Harry Whitta

Personal information
- Full name: Henry Beckett Whitta
- Born: 2 March 1883 Christchurch, New Zealand
- Died: 11 July 1944 (aged 61) Christchurch
- Batting: Right-handed

Domestic team information
- 1903–04 to 1919–20: Canterbury

Career statistics
| Competition | First-class |
| Matches | 19 |
| Runs scored | 749 |
| Batting average | 22.69 |
| 100s/50s | 1/4 |
| Top score | 147 |
| Balls bowled | 30 |
| Wickets | 0 |
| Bowling average | – |
| 5 wickets in innings | – |
| 10 wickets in match | – |
| Best bowling | – |
| Catches/stumpings | 6/– |
- Source: CricketArchive, 9 January 2015

= Harry Whitta =

New Zealand cricketer

Henry Beckett Whitta (2 March 1883 – 11 July 1944) played first-class cricket for Canterbury from 1904 to 1919, and played for New Zealand in the days before New Zealand played Test cricket.

"A dashing batsman of short stature, and an excellent point fieldsman", Whitta had his best season in 1913–14, when he captained Canterbury and was the leading batsman in the Plunket Shield, scoring 333 runs in four matches at an average of 47.57. Opening the batting, he scored 147 (in 260 minutes) and 41 in the 318-run victory over Auckland.

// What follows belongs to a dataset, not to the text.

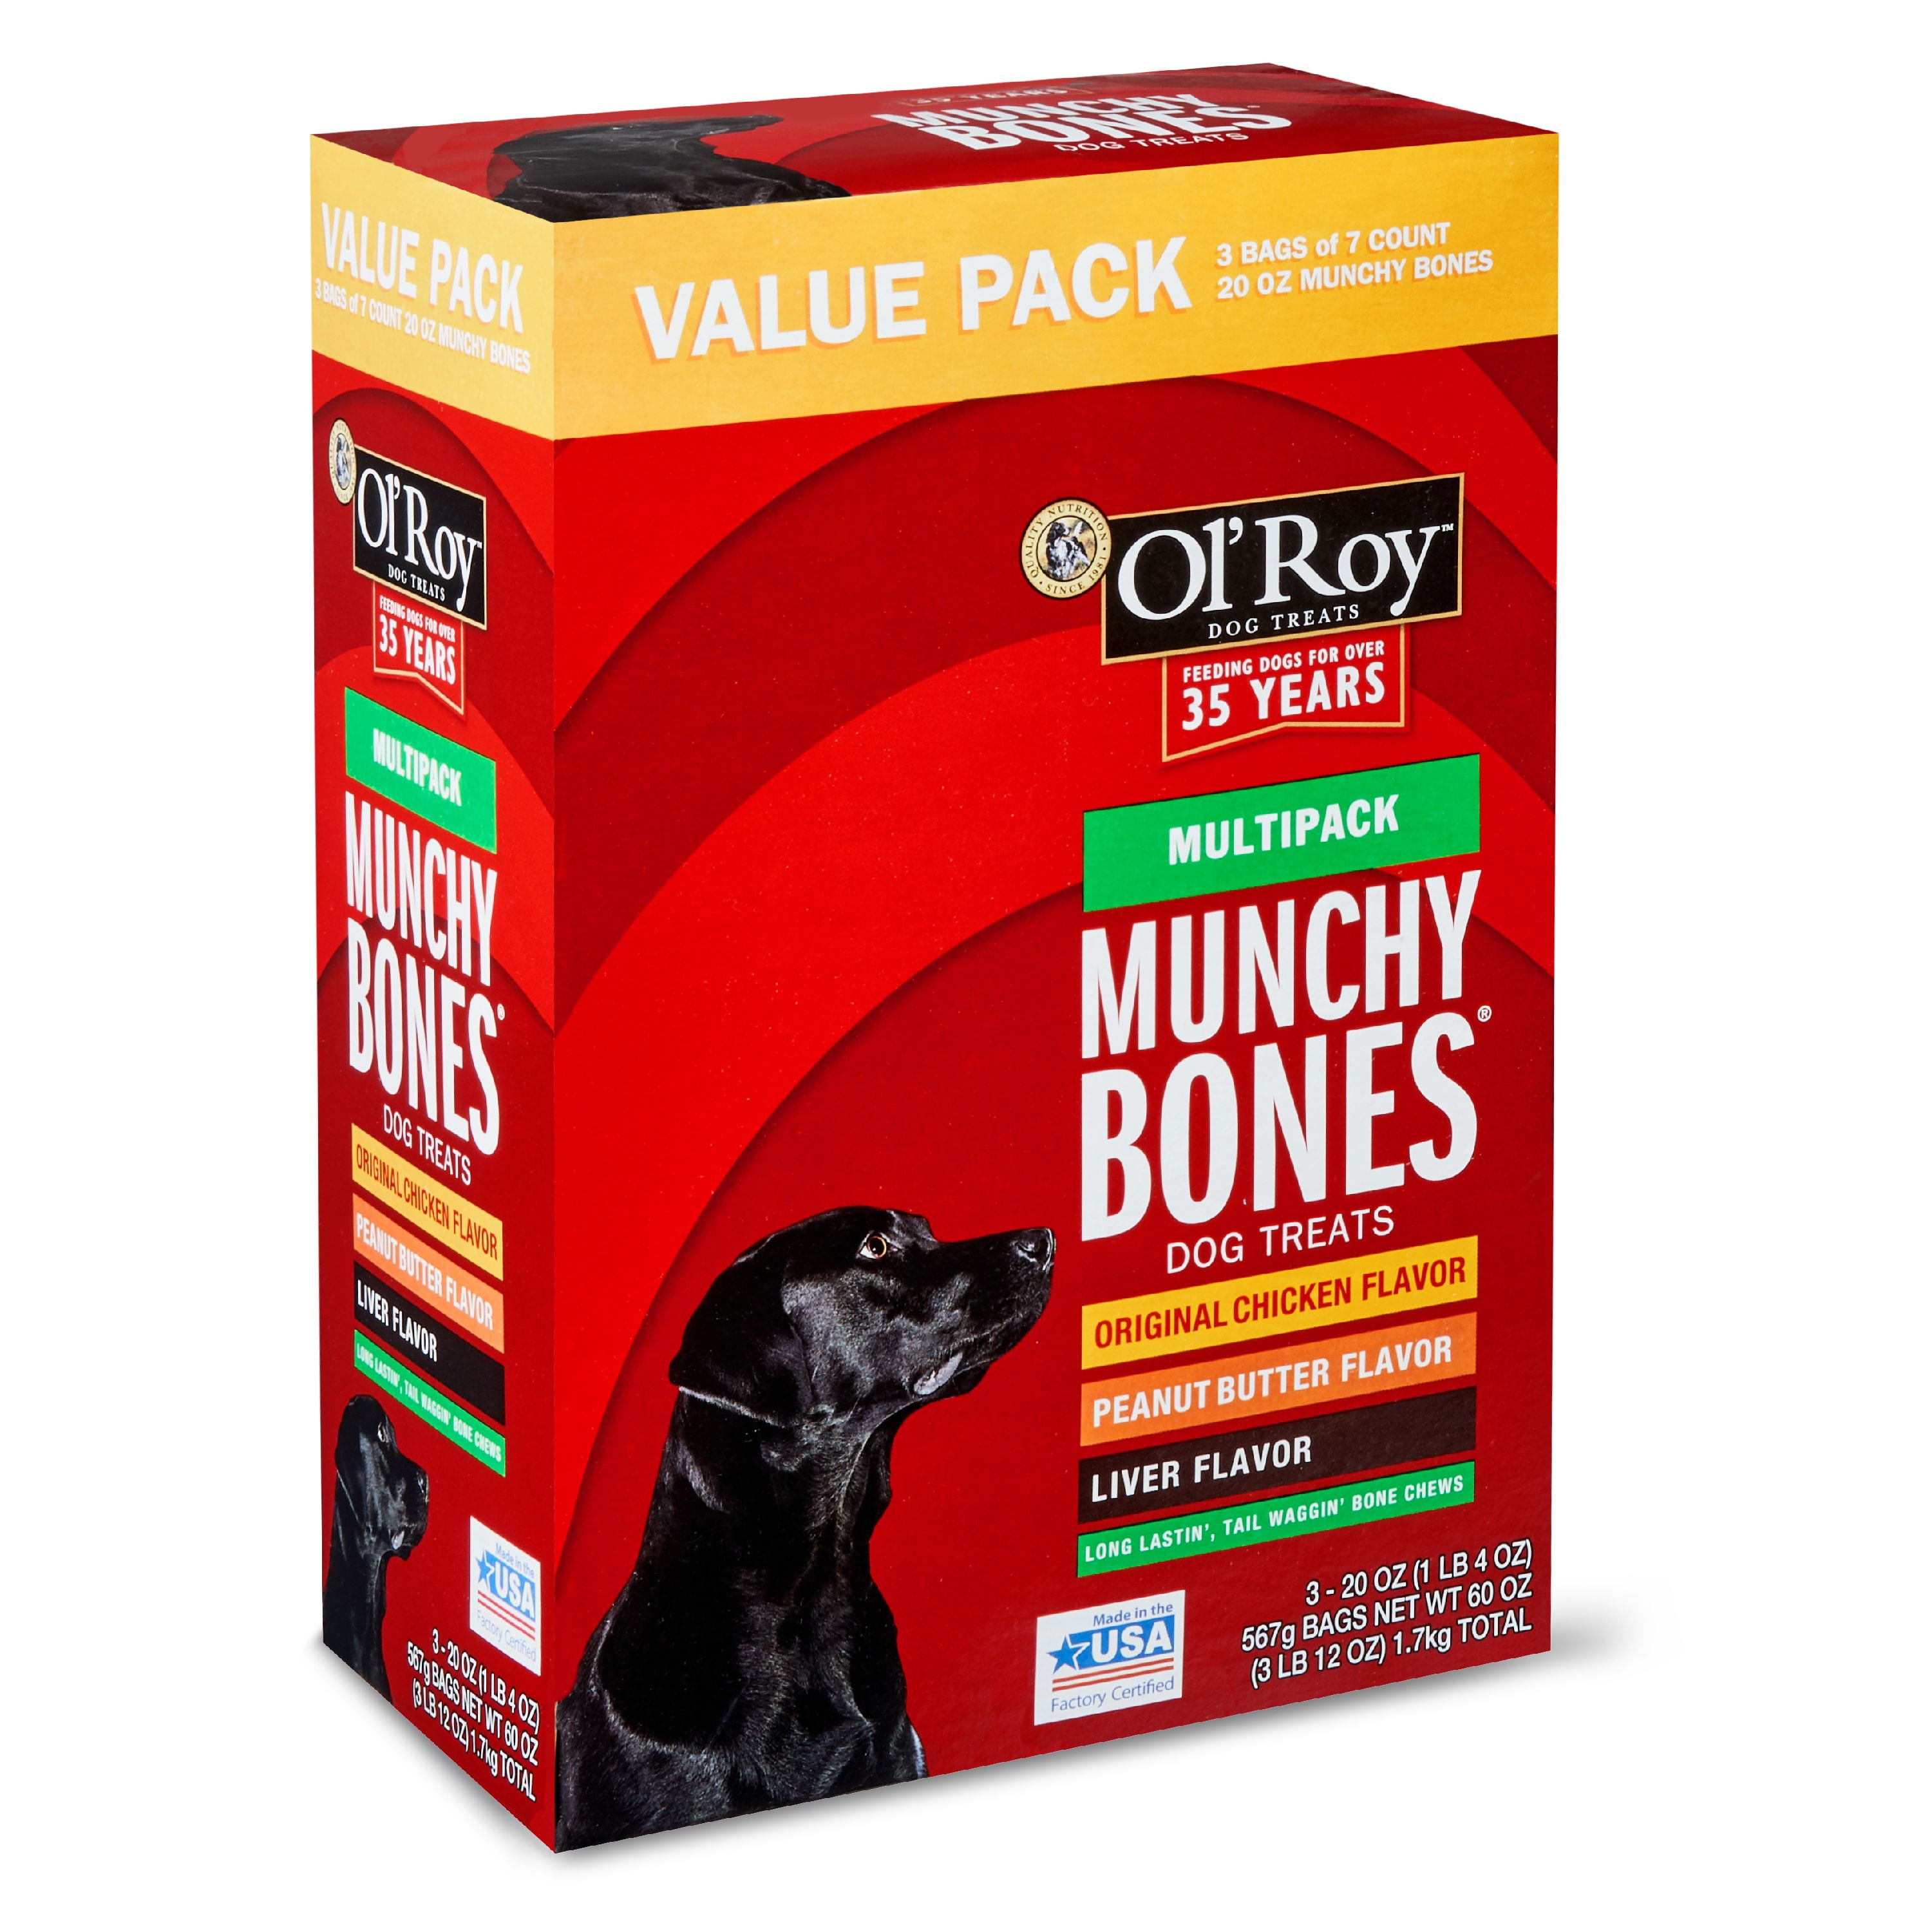 PAWKET TREATS Dog Treats Mix Pack
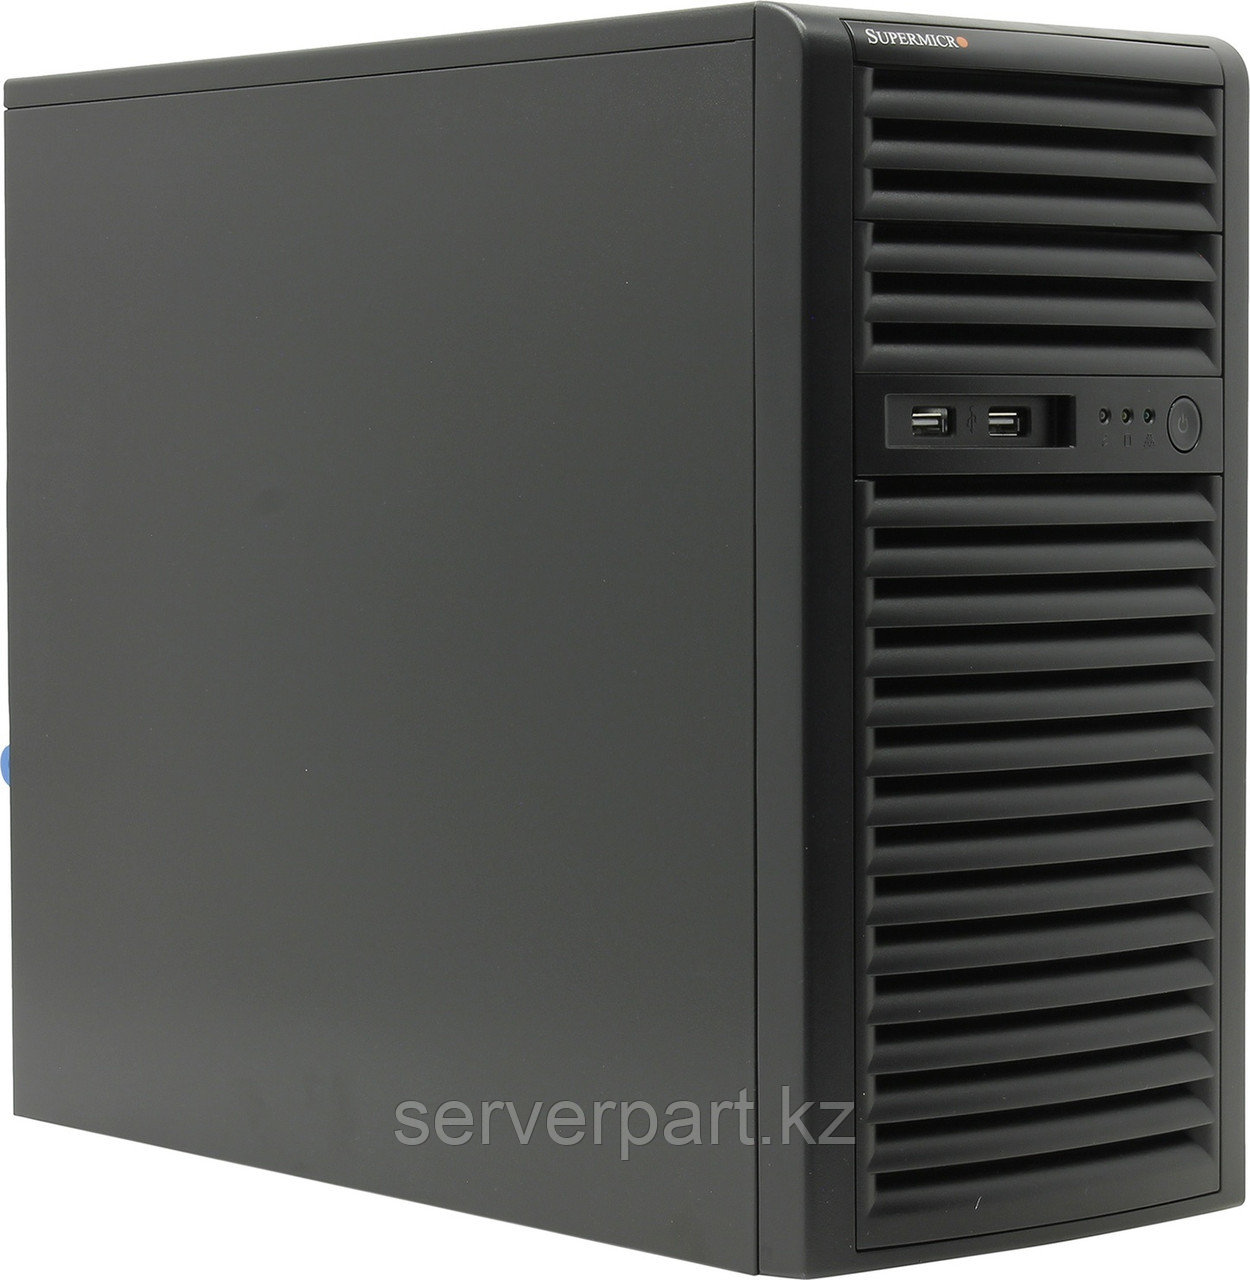 Сервер Supermicro SYS-5039D Tower/4-core intel xeon E3-1220v6 3GHz/48GB EUDIMM/1x480GB SSD MU Hyb

Canterbury won all four matches easily. He was selected to open the batting in New Zealand's first match against the touring Australians later that season, and scored 12 and 53 (in 63 minutes) but New Zealand lost and he was one of seven players omitted for the second match. Whitta was also the leading batsman in the Christchurch competition that season, with 745 runs at 106.42 for his club Riccarton, who were defeated in the final.

Whitta later served as selector for Canterbury, and as a Test selector.